What you are asked to do – Once the line containing "Slice Frame Bag" is reached, copy it and every line after it exactly, to the end of the material, without pictures.

Collected material –
★ ★ ★

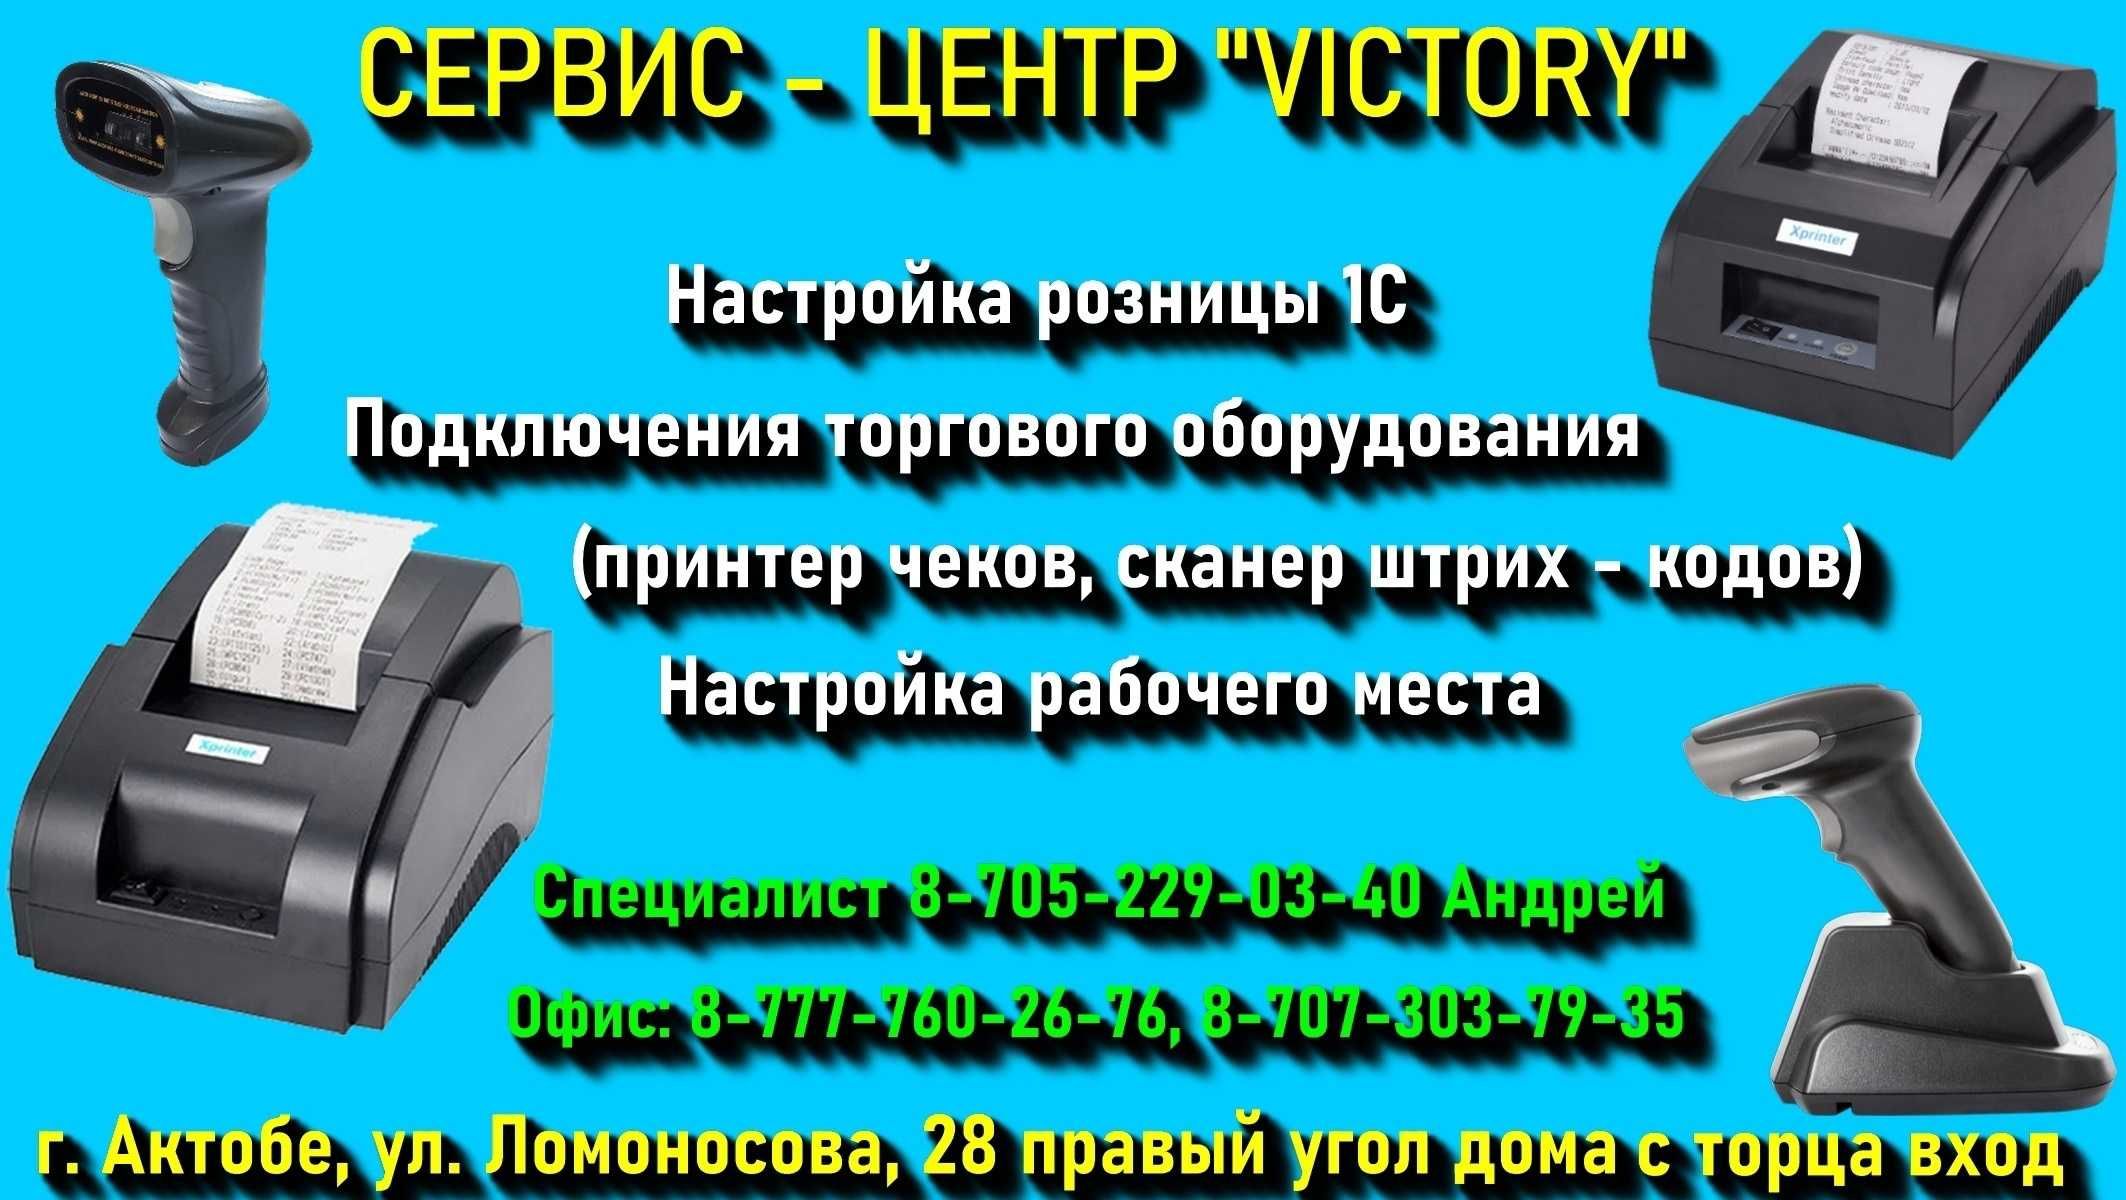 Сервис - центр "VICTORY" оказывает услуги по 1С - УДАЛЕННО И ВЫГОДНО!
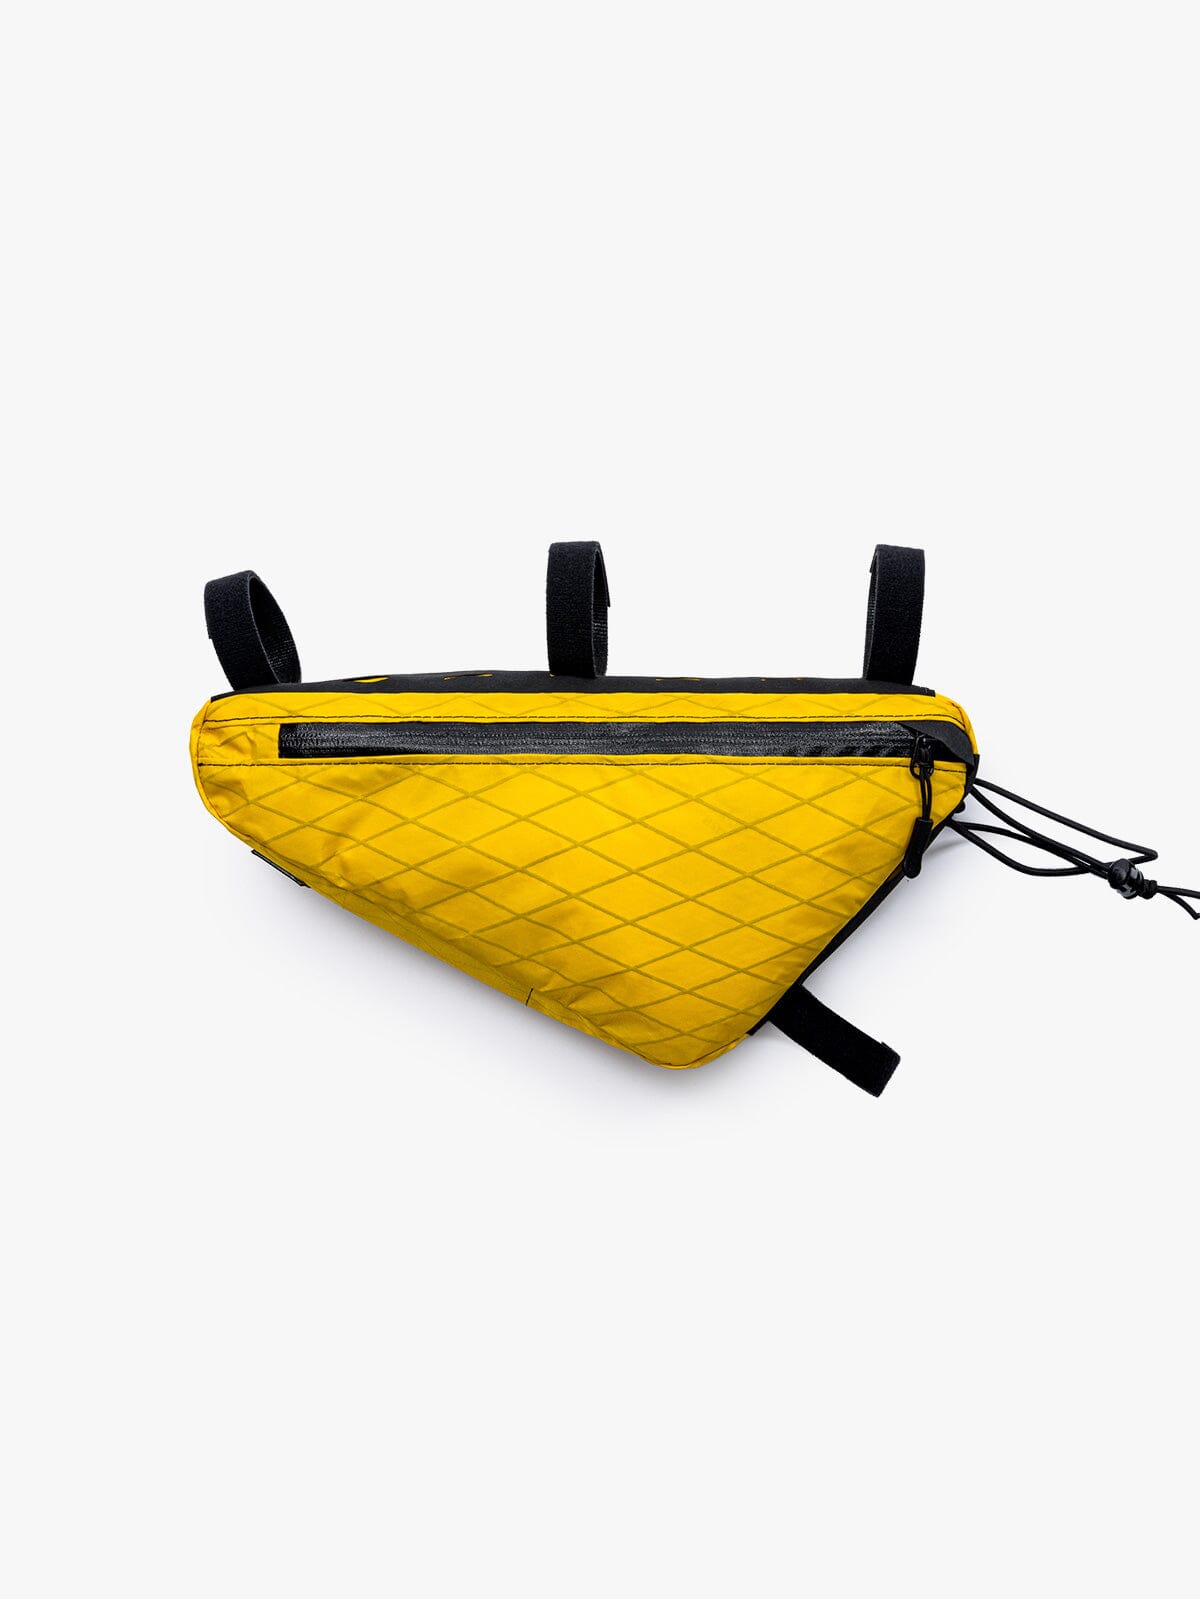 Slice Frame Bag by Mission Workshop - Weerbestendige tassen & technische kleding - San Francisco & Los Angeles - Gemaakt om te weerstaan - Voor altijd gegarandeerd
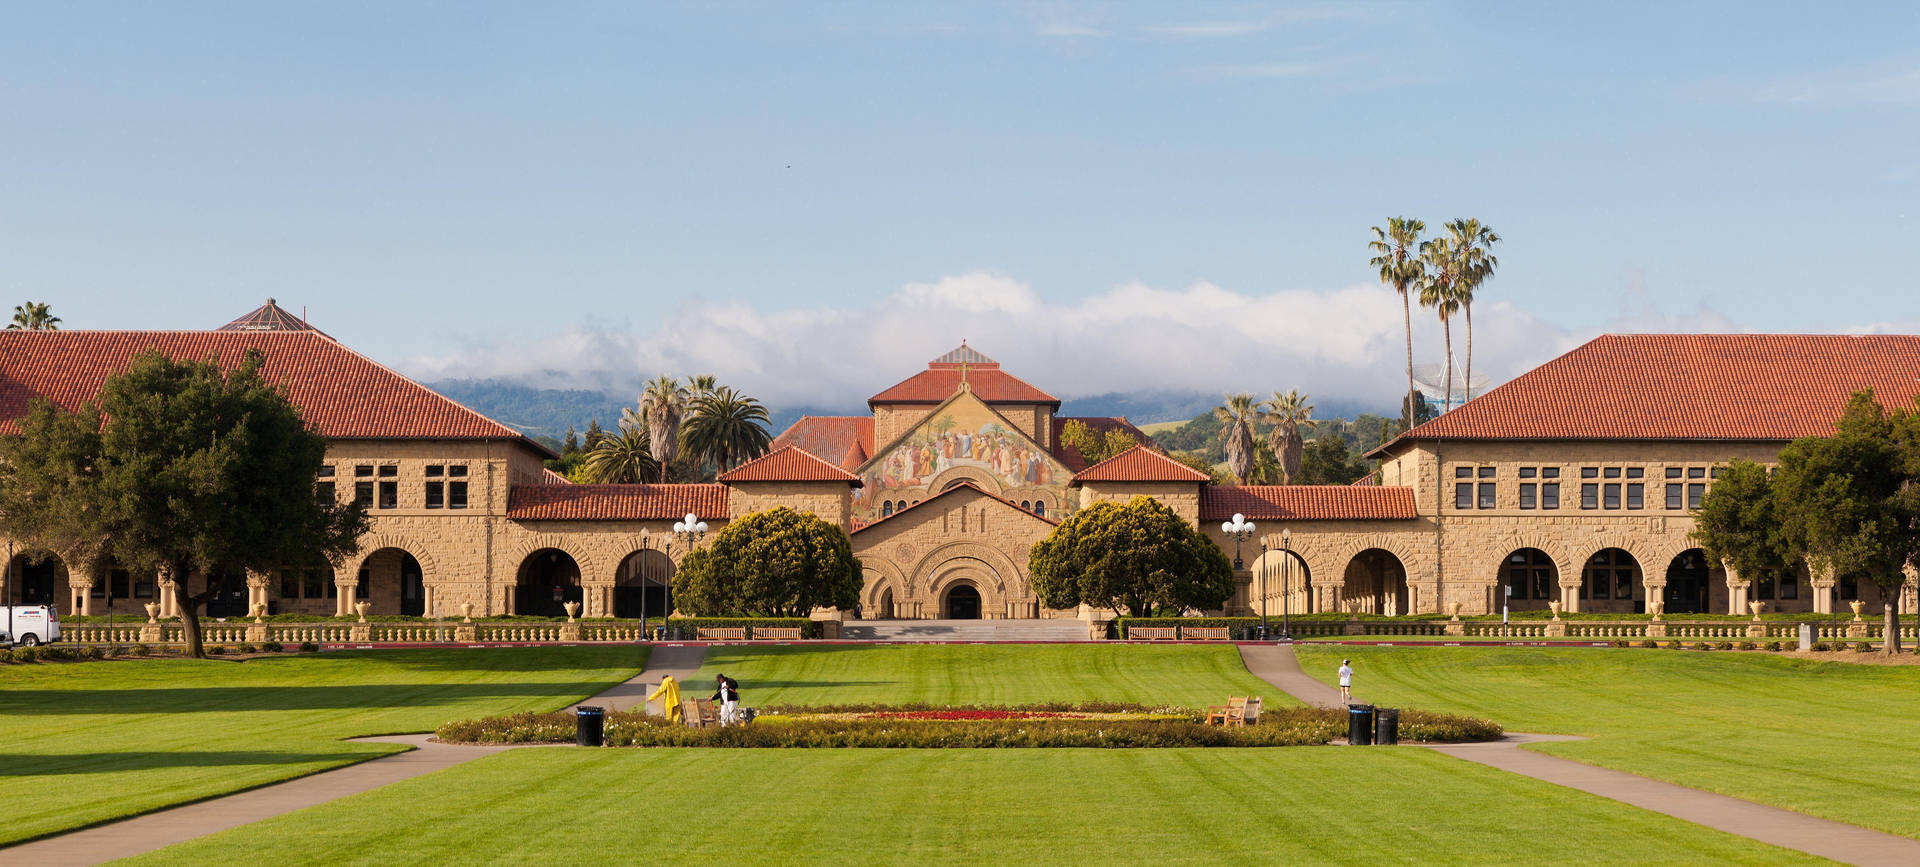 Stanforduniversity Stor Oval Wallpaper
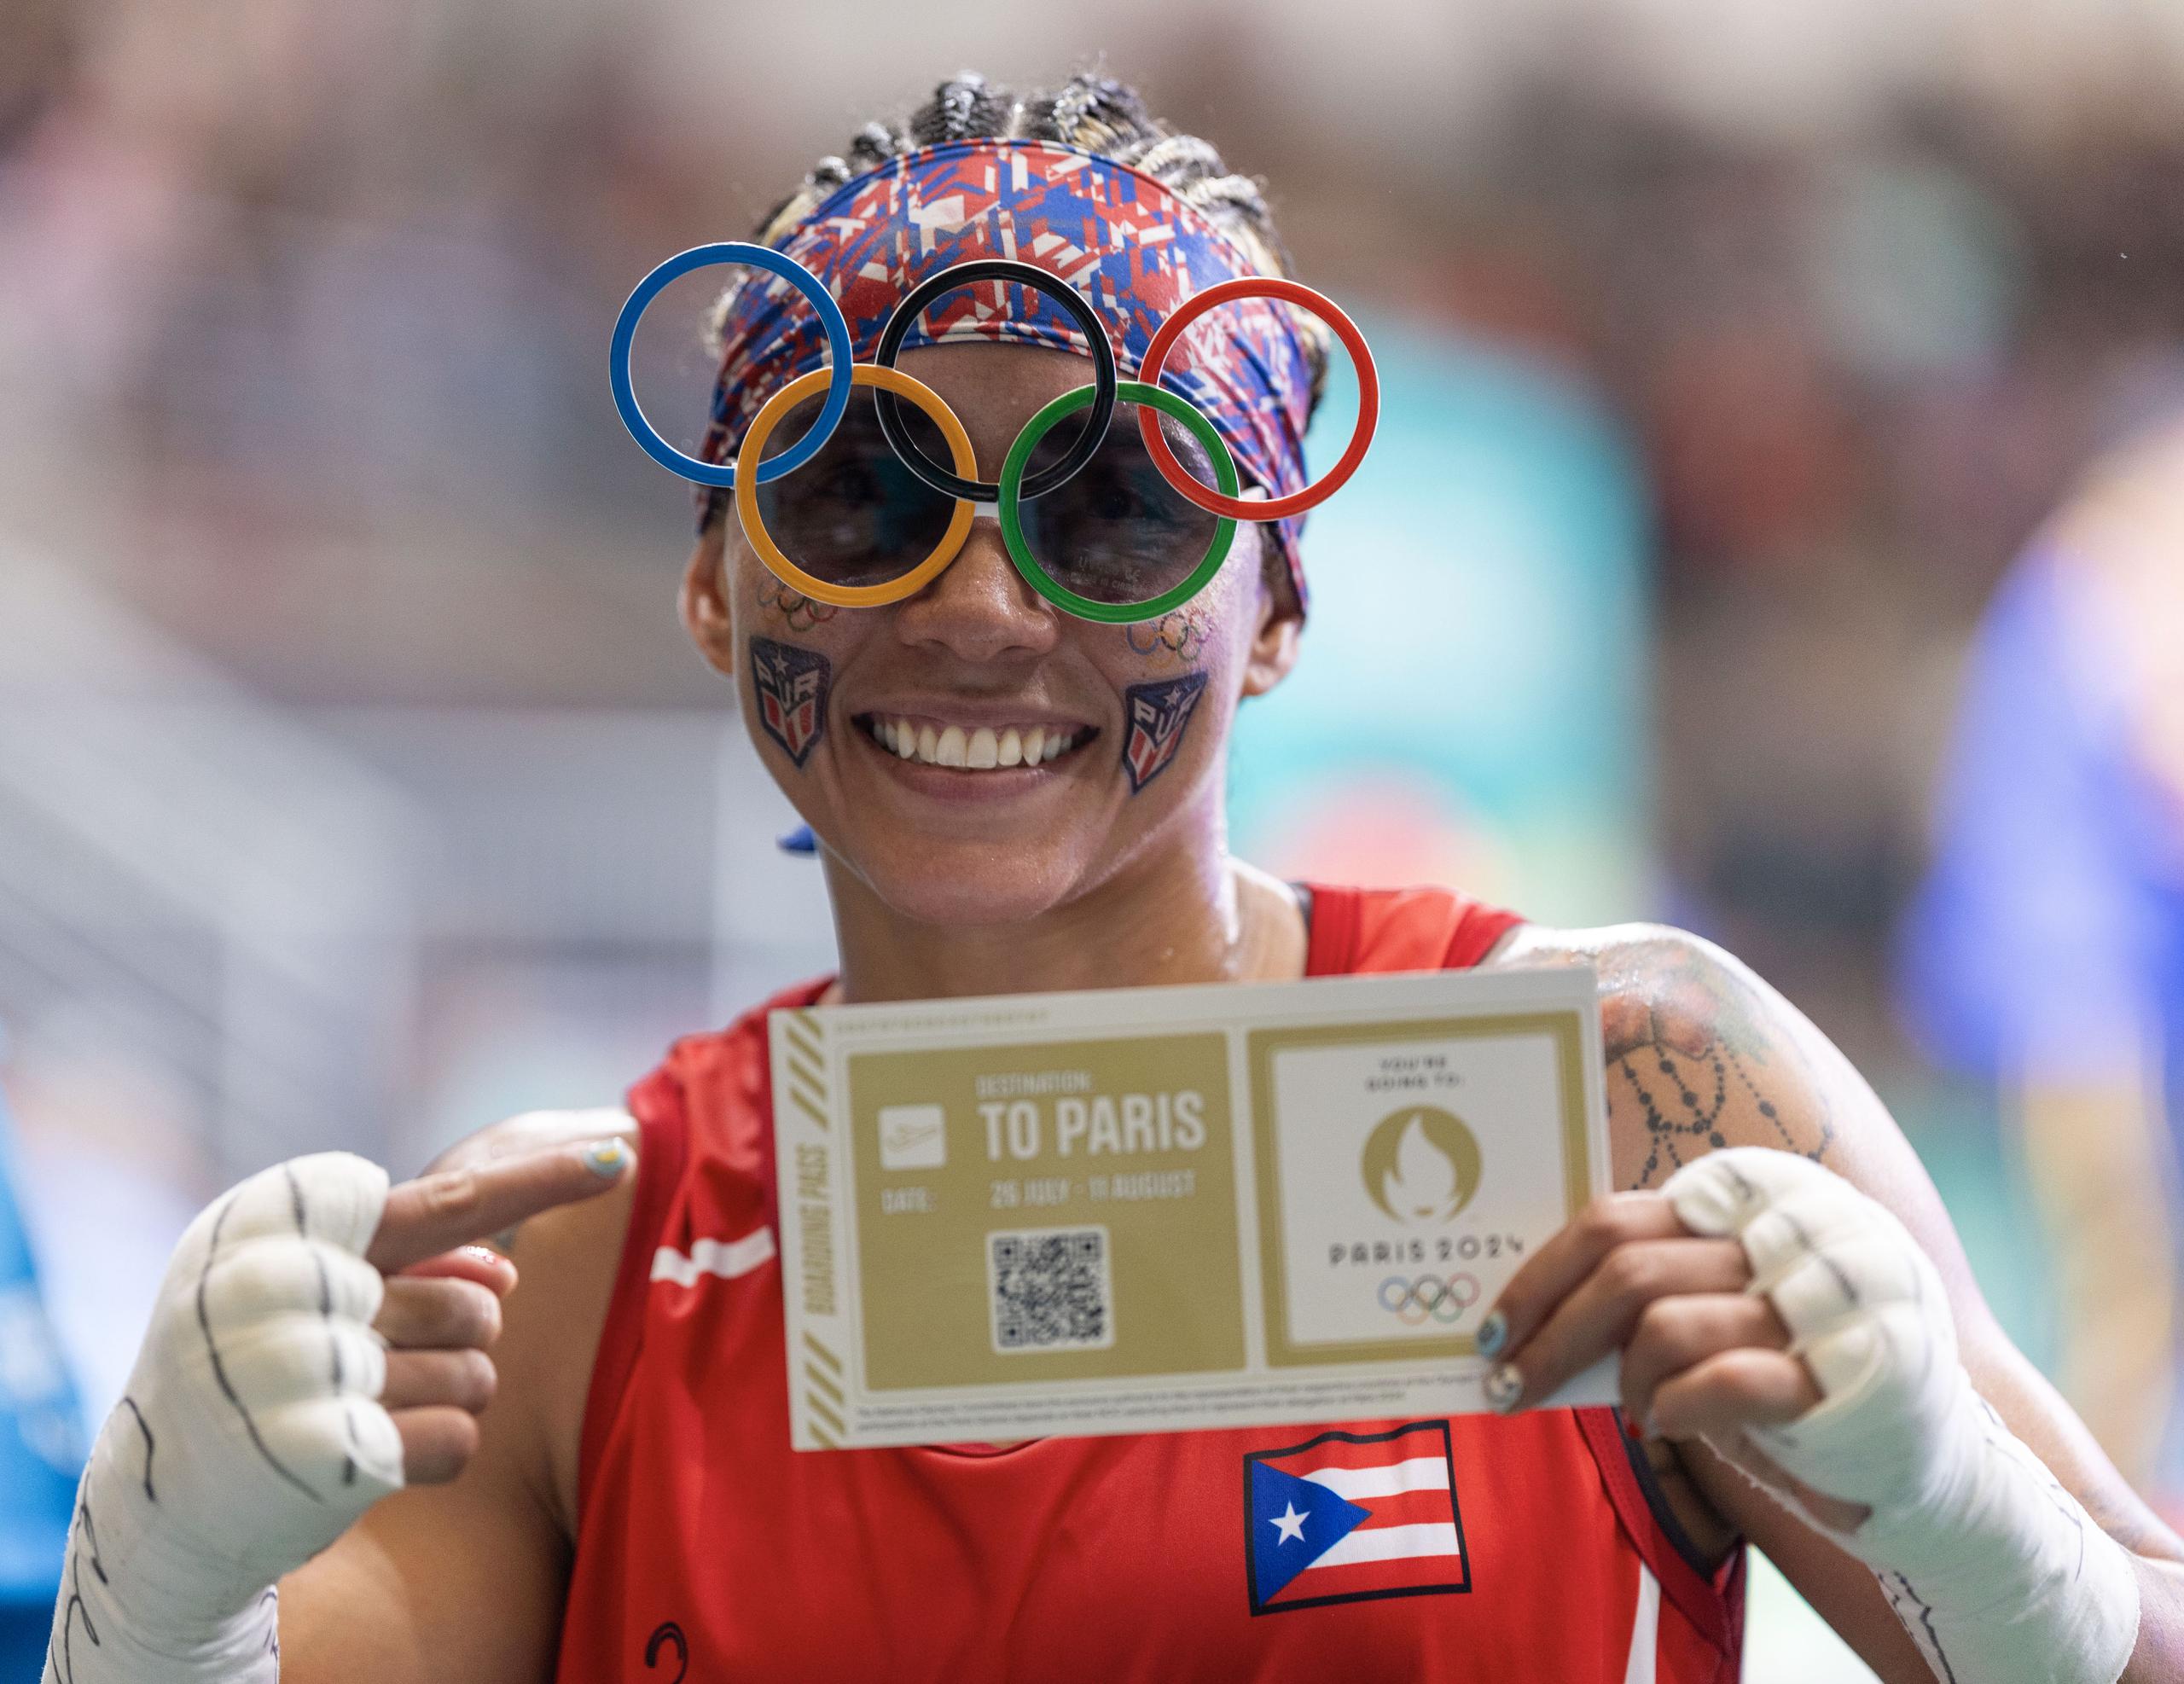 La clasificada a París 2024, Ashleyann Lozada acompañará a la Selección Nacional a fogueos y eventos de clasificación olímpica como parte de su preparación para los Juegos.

★ ★ ★

Solution –
 Slice Frame Bag by Mission Workshop - Weerbestendige tassen & technische kleding - San Francisco & Los Angeles - Gemaakt om te weerstaan - Voor altijd gegarandeerd
 Stanforduniversity Stor Oval Wallpaper
 La clasificada a París 2024, Ashleyann Lozada acompañará a la Selección Nacional a fogueos y eventos de clasificación olímpica como parte de su preparación para los Juegos.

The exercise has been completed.